One of the problems is single stepping through NtContinue.  Looking at the code it does a sysenter which transfers control to the kernel.  The kernel then sets the new context to have somewhere to return too.  I tried single stepping past the sysenter – the problem is however, that a single stepping exception isnt raised until it comes too the 2nd instruction of the new context.eip.  Bizarre.

Also bizarre is the fact that NtContinue changes Dr6 and Dr7.  I had some bad code just checking for Dr6 to be non zero for a breakpoint exception, but infact while the lower 4 bits are 0 (1 bit for each possible breakpoint register Dr0-Dr3), the upper bits were thrashed.  Also Dr7 was changed.  Perhaps its even conceivable that there is information leakage from the kernel.  Dunno for sure. 

The only solution for trapping on the first instruction following NtContinue, was setting a breakpoint on context.eip.  Therefore this requires parsing of NtContinue’s argument (for which there is a CONTEXT structure).  This is fairly straight forward.  Set a breakpoint on NtContinue, then parse the CONTEXT and set a new breakpoint on context.eip.

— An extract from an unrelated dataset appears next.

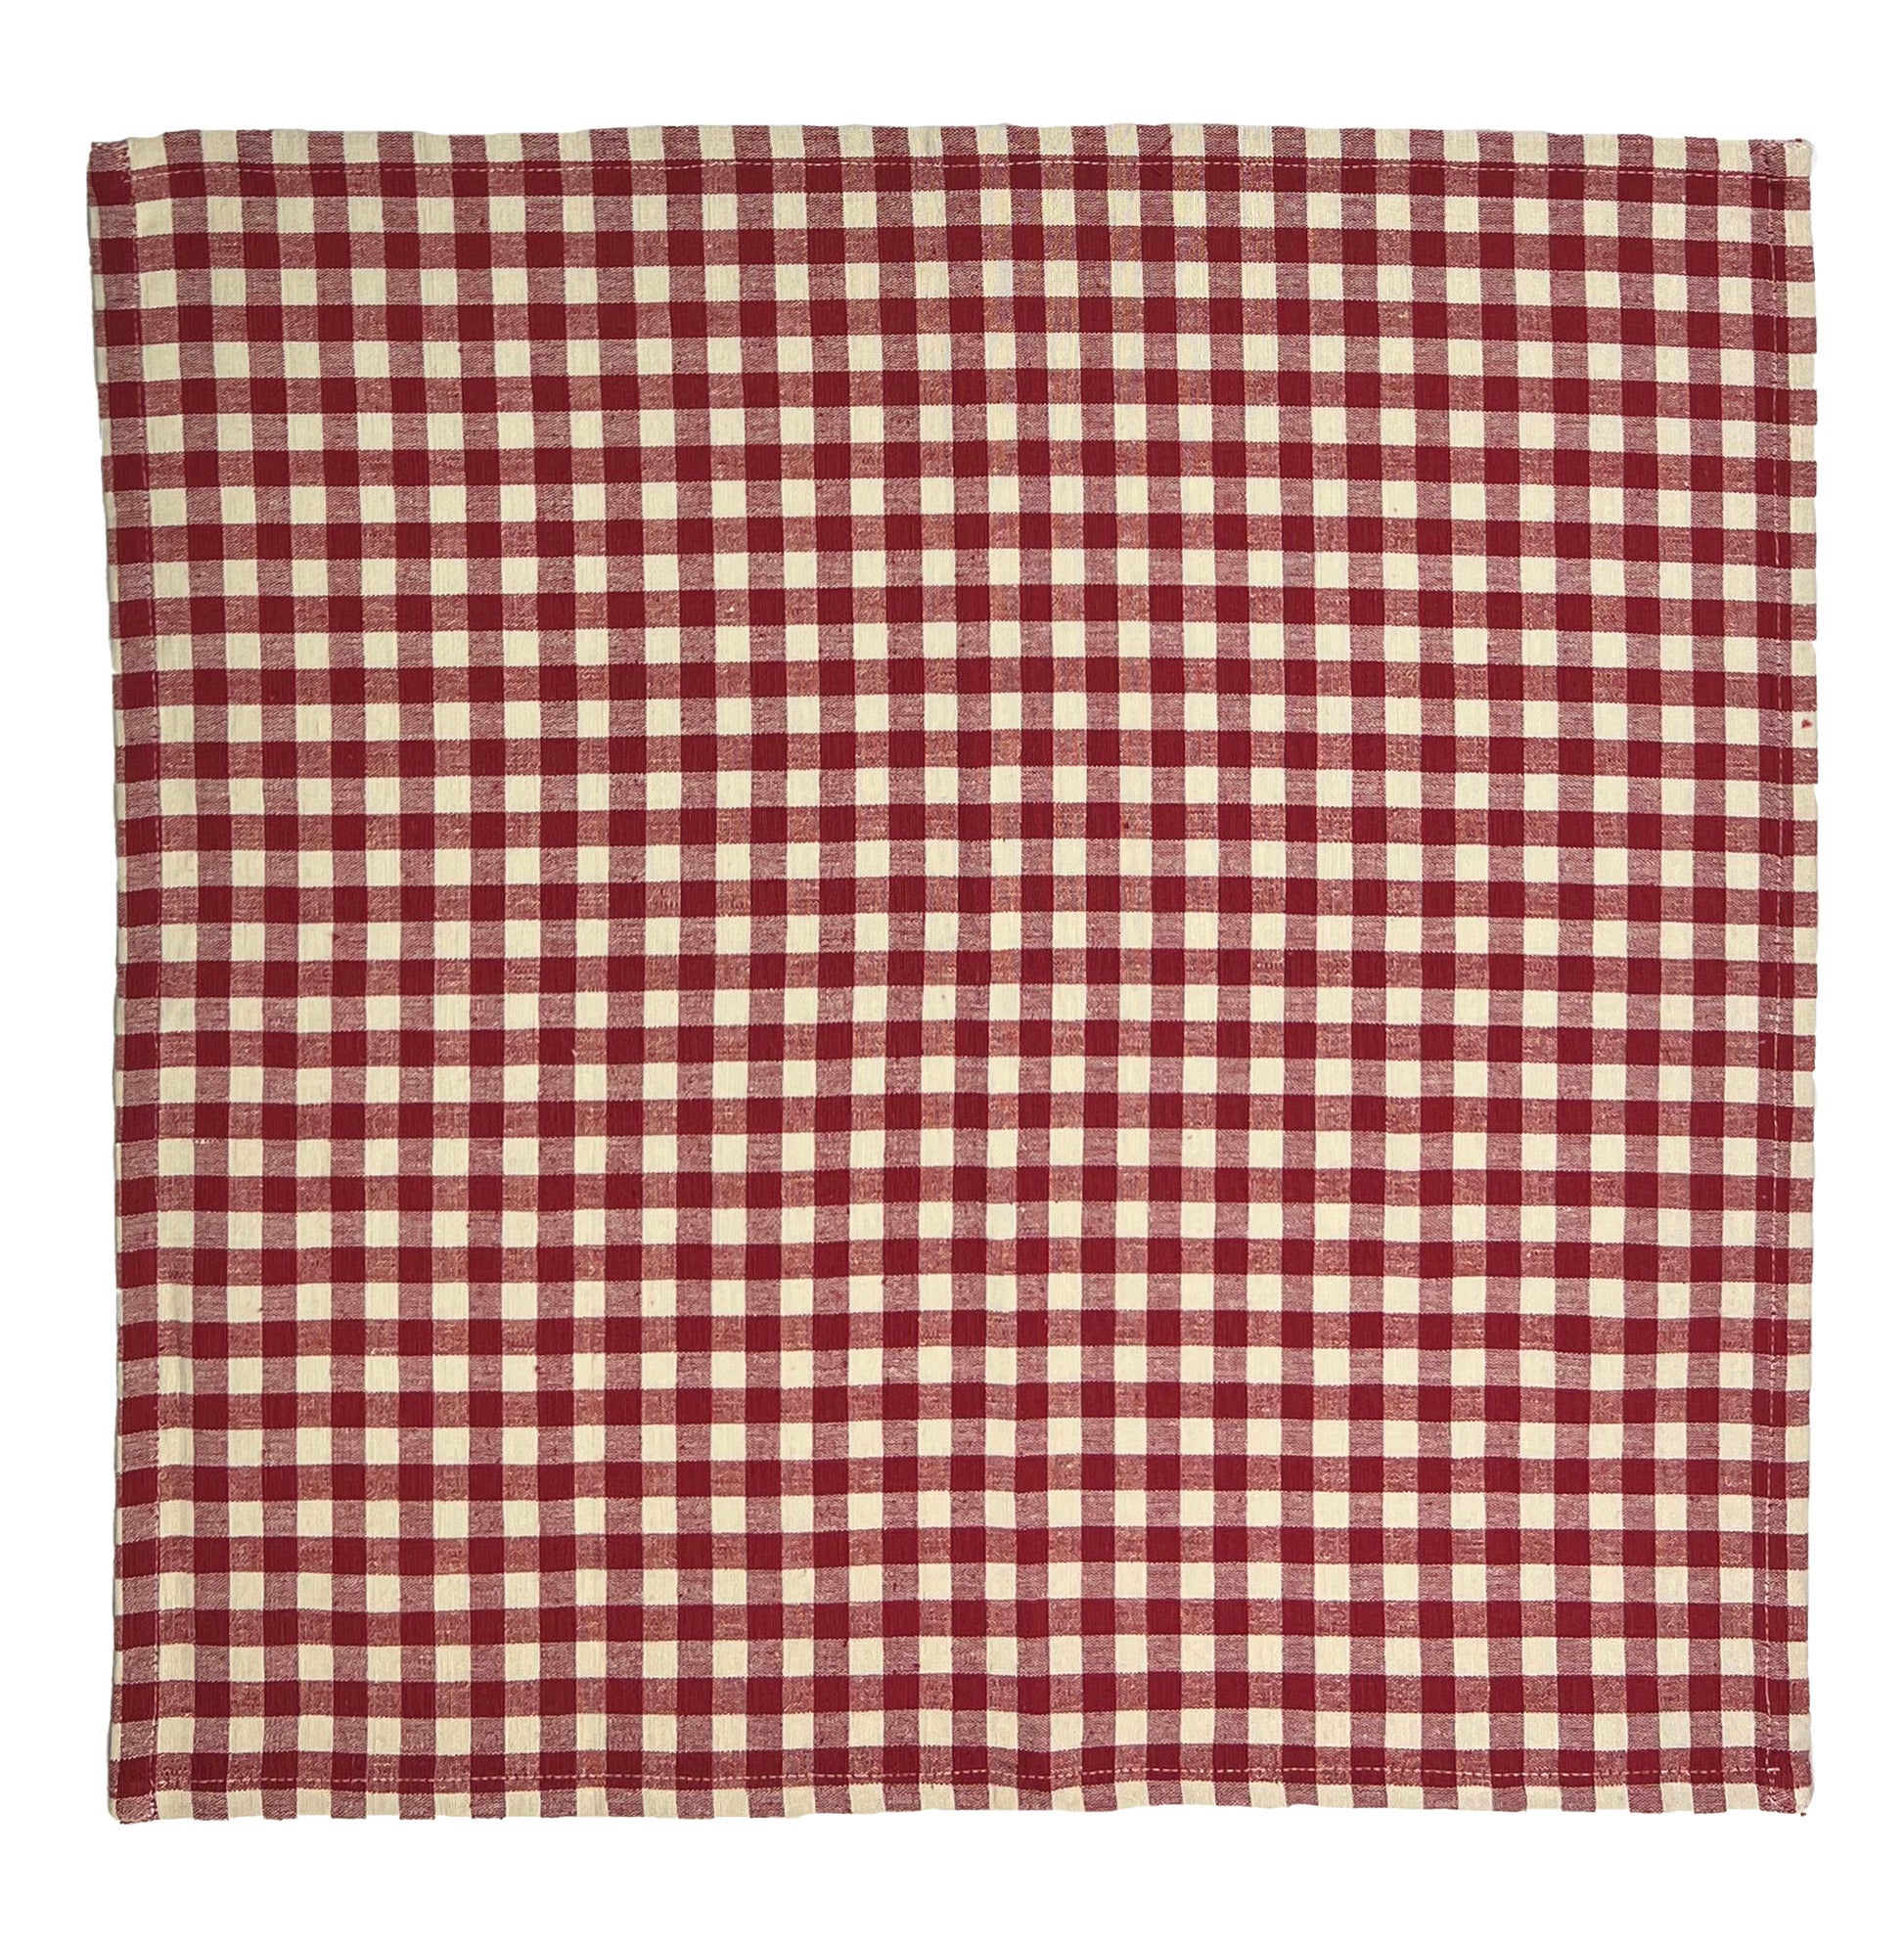 Ziro red napkin spread out. From Sterck & Co.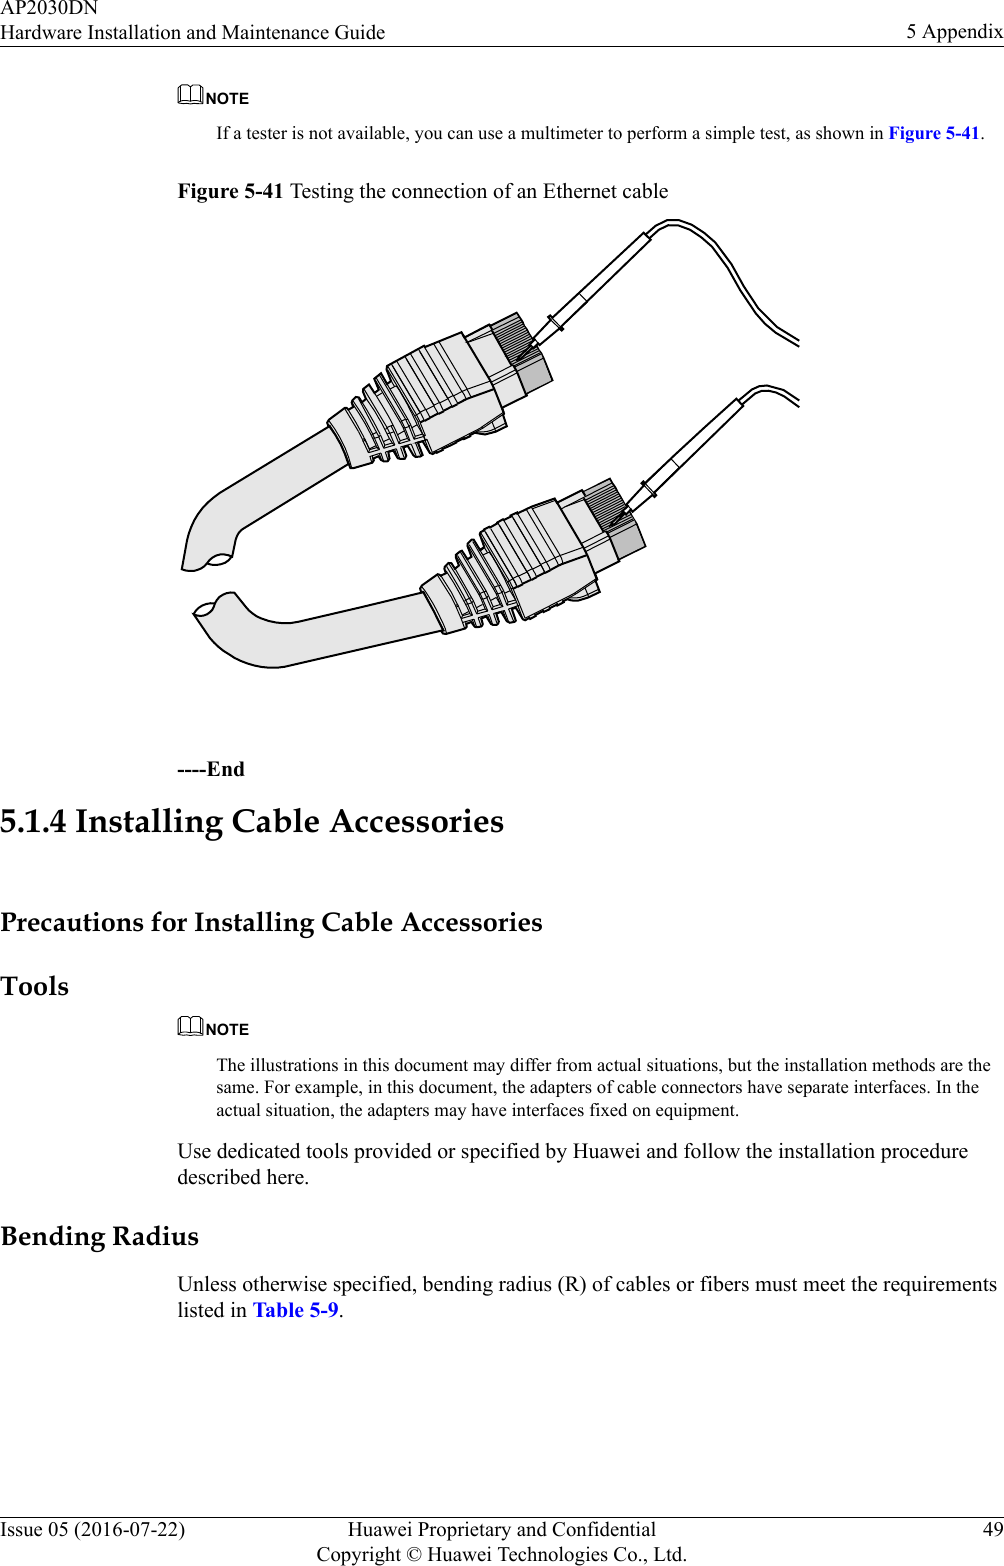 NOTEIf a tester is not available, you can use a multimeter to perform a simple test, as shown in Figure 5-41.Figure 5-41 Testing the connection of an Ethernet cable ----End5.1.4 Installing Cable AccessoriesPrecautions for Installing Cable AccessoriesToolsNOTEThe illustrations in this document may differ from actual situations, but the installation methods are thesame. For example, in this document, the adapters of cable connectors have separate interfaces. In theactual situation, the adapters may have interfaces fixed on equipment.Use dedicated tools provided or specified by Huawei and follow the installation proceduredescribed here.Bending RadiusUnless otherwise specified, bending radius (R) of cables or fibers must meet the requirementslisted in Table 5-9.AP2030DNHardware Installation and Maintenance Guide 5 AppendixIssue 05 (2016-07-22) Huawei Proprietary and ConfidentialCopyright © Huawei Technologies Co., Ltd.49

How do we get the breakpoint for NtContinue?  We can do a couple of things.

1) resolve the symbol, and place a breakpoint on it

2) look at the return address of the exception handler, which eventually ends up taking you into NtContinue.

I chose 2).

Both these solutions have problems if the exception handler decided to implement its own version of NtContinue.  Perhaps the best solution is to emulate down to the native api.  I didn’t implement emulation of the native api, so I’m stuck for the time being with the partial solution.

In the process of partially emulating vmprotect, I came across a few calls to pushf, and popf.  These instructions push and pop the eflags register.  Initially I thought the packer might be checking to see if the trap flag was set.  It turns out it wasn’t doing this check, but I none the less implemented in my tracer/debugger the ability to process pushf’s by modifying the stack contents to have the trap flag clear.  This hack should allow my debugger to work on binaries that include this type of anti-debugging.

Also implemented in my emulator is processing of explicit int1’s in the code.  Before DbgContinue is called, I check the current instruction pointer and if its an int1 instruction, I keep note of this, and also allow the application to process the int1 by itself.  Naturally I have to set a breakpoint in the exception handler, If i still want to maintain control.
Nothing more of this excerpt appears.